As shown in FIG. 4C, the operation flow from the ready state to reproduction of recorded information is as follows. First, in the seek operation (521), the access control circuit 81 is controlled, and the pickup 11 and the reproduction reference light optical system. The position of 12 is positioned at a predetermined position of the optical information recording medium. Thereafter, reference light is emitted from the pickup 11, information recorded on the optical information recording medium is read (522), and reproduction data is transmitted (523).

5A and 5B show a data processing flow during recording and reproduction. In the present embodiment, the recording and reproducing processes are also performed in the information recording medium discrimination process. In the determination process, additional information necessary for recording determination is recorded and reproduced, and in accordance with the acquired additional information, it is determined whether it was recorded immediately before or made by previous recording. Get the last address specified for recording. FIG. 5A shows a recording data processing flow in the signal generation circuit 86 after the recording data reception 511 in the input / output control circuit 90 until conversion into two-dimensional data on the spatial light modulator 312. FIG. The flow of reproduction data processing in the signal processing circuit 85 up to reproduction data transmission 523 in the input / output control circuit 90 after two-dimensional data is detected by the detector 325 is shown.

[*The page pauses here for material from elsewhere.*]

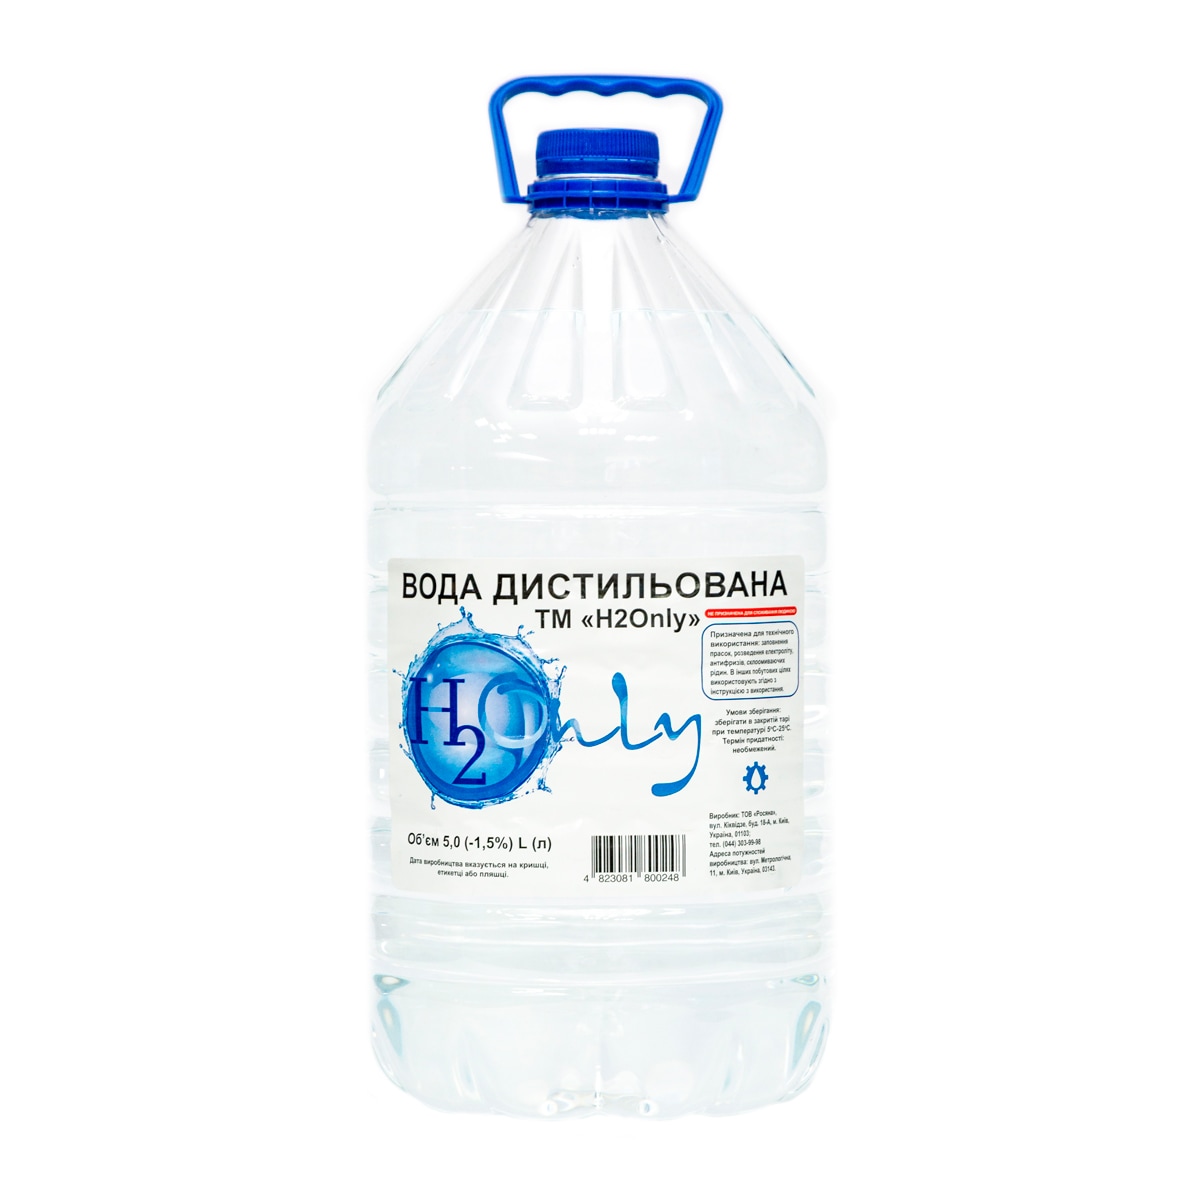 Вода дистильована H2Only™ 5л - доставка воды - rosiana.ua - 380-44-303-999-3

Data processing during recording will be described with reference to FIG. 5A. First, the optical information recording / reproducing apparatus generates user data to be recorded on the optical information recording medium (801). Further, additional information for determining whether or not the user data is obtained by the recording data processing is generated (802). As additional information, the final recording address determined at the start of recording, the date and time when recording of information is started, the ID of the optical information recording / reproducing apparatus, and the information recording medium on which the optical information recording / reproducing apparatus records information It is generated by combining the total number of times of executing the recording process. These utilization methods will be described later.

The generated user data and additional information are combined as a data string, and record determination information is generated (803). In addition, by adding additional information to the user data area in each error correction block, individual modulation and demodulation processing is not required, and it can be realized only by combining data strings, and can be processed by a conventional processing procedure. Therefore, it does not affect the circuit scale. Data string is divided into a plurality of data strings, and each data string is converted to CRC (804) so that error detection at the time of reproduction can be performed. After performing scramble (805) for adding a pseudo-random data sequence to the error code, error correction coding (806) such as Reed-Solomon code is performed so that error correction during reproduction can be performed. Next, this data string is converted into M × N two-dimensional data, and the two-dimensional data (807) for one page is configured by repeating this data for one page data. A marker serving as a reference for image position detection and image distortion correction during reproduction is added to the two-dimensional data configured as described above (808), and the data is transferred to the spatial light modulator 312 (809).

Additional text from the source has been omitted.